Media and ye Olde public sphere.
I was lying on the couch at the beach shack the yesterday, reading after having just had breakfast, when my phone rang. It was a journalist from Adelaide radio wanting comment on something related to mobile phones.
“You are a expert on mobile phone culture right?” he said.
I told him I was driving and would ring him back later, he gave me a number I didn’t write down. I felt a little ashamed to lie to him, but also a little self righteously glad and I realised then how my attitude to dealing with journalists and the media had changed over the past few years.
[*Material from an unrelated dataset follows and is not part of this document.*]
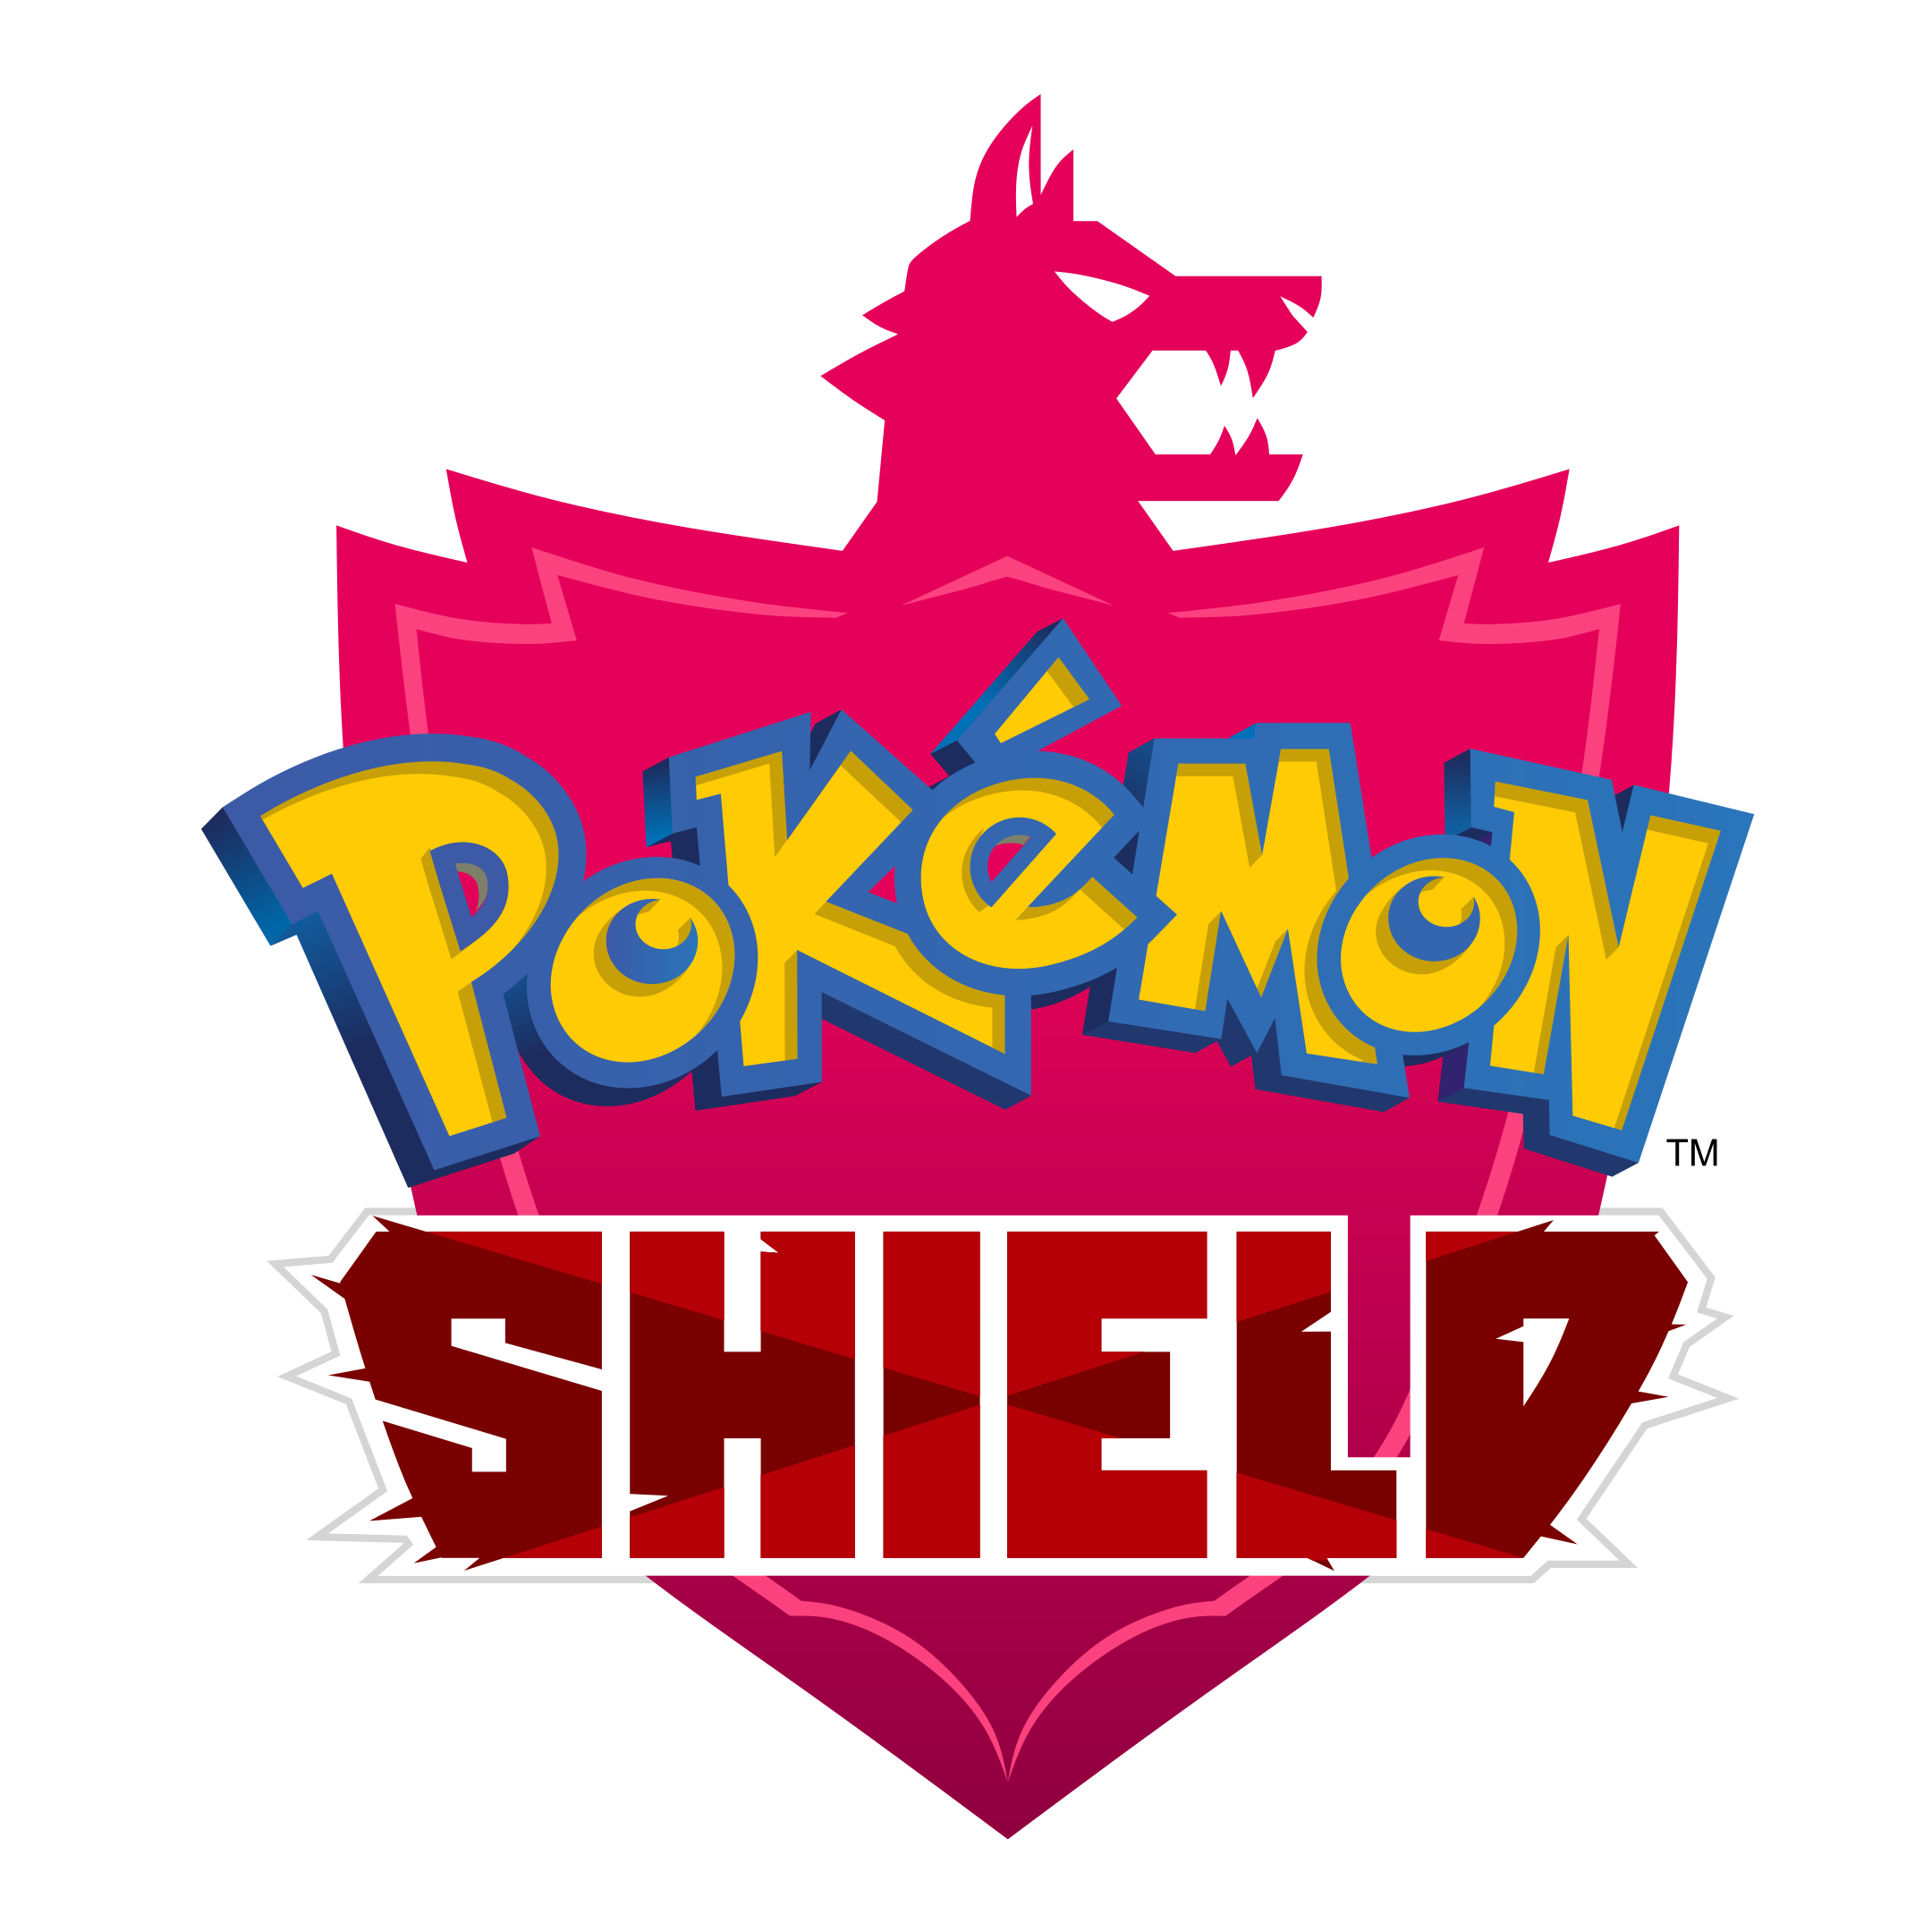 Pokemon Sword и щит прозрачные изображения PNG
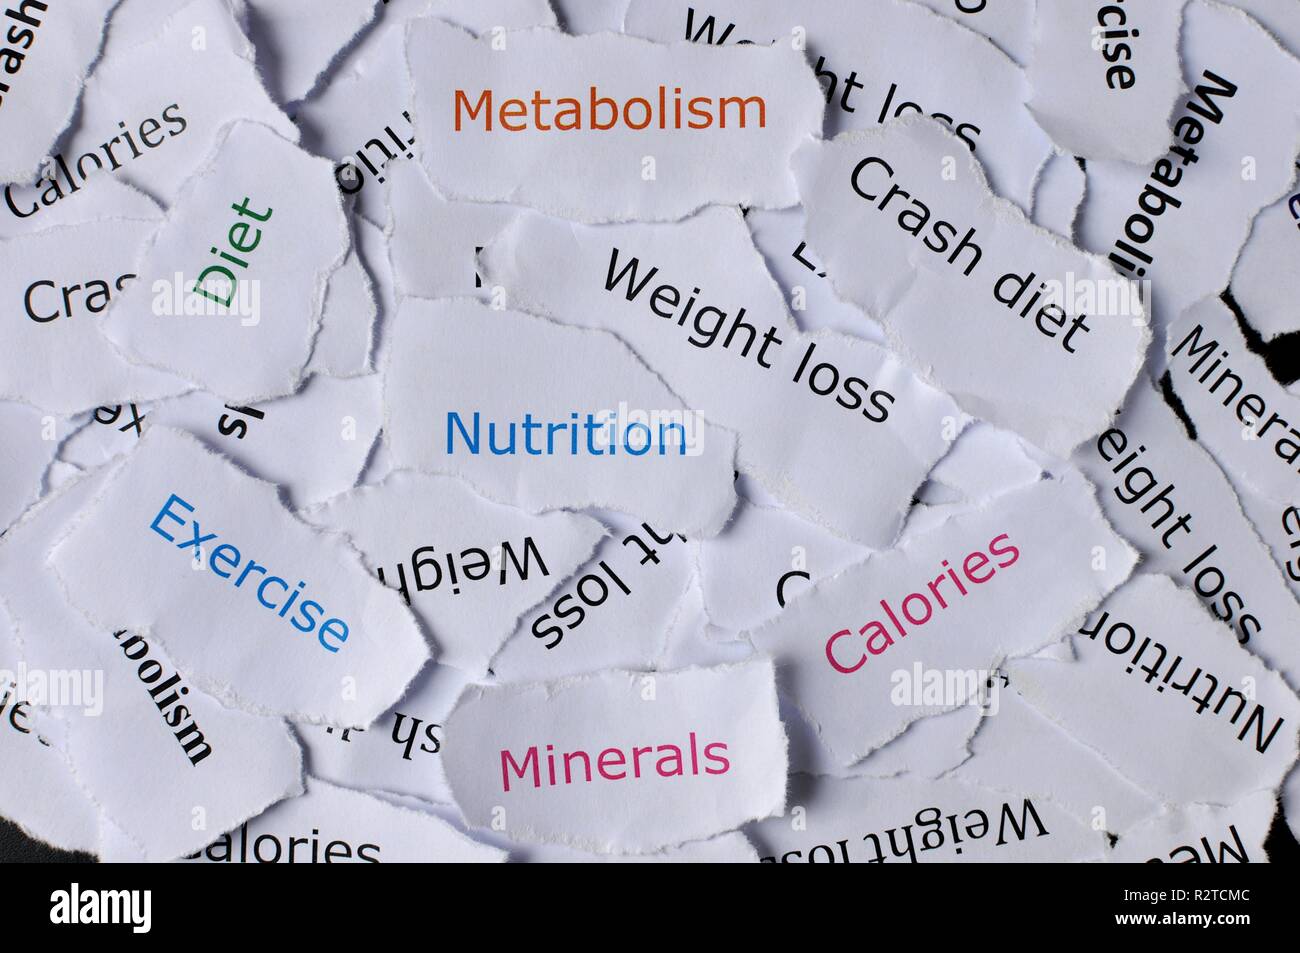 Konzept der zufälligen Papiere mit Worten, Ernährung, Diät, übung, Mineralien, crash Diät gedruckt, Stoffwechsel Stockfoto

Even though I’d worked at a few other Universities, after starting at UTS 5 years ago I came onto the media radar strongly, firstly around blogging and then around mobile cultures.
Even when these calls started running at five or six a week (and I felt like I had to spend time preparing for the radio and TV spots) I felt like this is what academics were supposed to do. Contribute to the public conversation, be a public resource in some small way speaking through the media. Which is how I ended up on 2UE during the Cronulla riots debating the content of the text messages flying back and forth. But also how I ended up in the Courier-Mail entertainment section before Christmas pontificating on the way young people interact with the world through mobile devices.
I’ve stopped returning the calls now, disillusioned with the idea that participating was doing anyone any good except for the media companies hungry for free content from “experts”. For a while I had an ABC-only policy to callbacks but even that got tired after a while. In short I was worn down by the ceaseless inanity of the requests and the conversations, the clueless journalists with no idea about what they are asking or who they are talking to, keyboards clattering away in the background as they soundbite your impromptu spray delivered from the office chair.
The guilt I still feel about having taken this attitude is related to two things, firstly if no-one participates in the endless spectacle for these reasons all you end up with is people with a particularly crazy axe to grind like Hetty Johnson. These people make great media fodder, always up for an outraged/combative quote. And the second reason is that media is of course a kind of public space, especially in terms of broadcast media where public airspace is used under publicly granted license. It feels wrong not to contribute in some small way if you have the opportunity, leaving it to the news pros and the axe grinders they feed on, but for me at least I’d prefer that feeling than opening the floodgates again.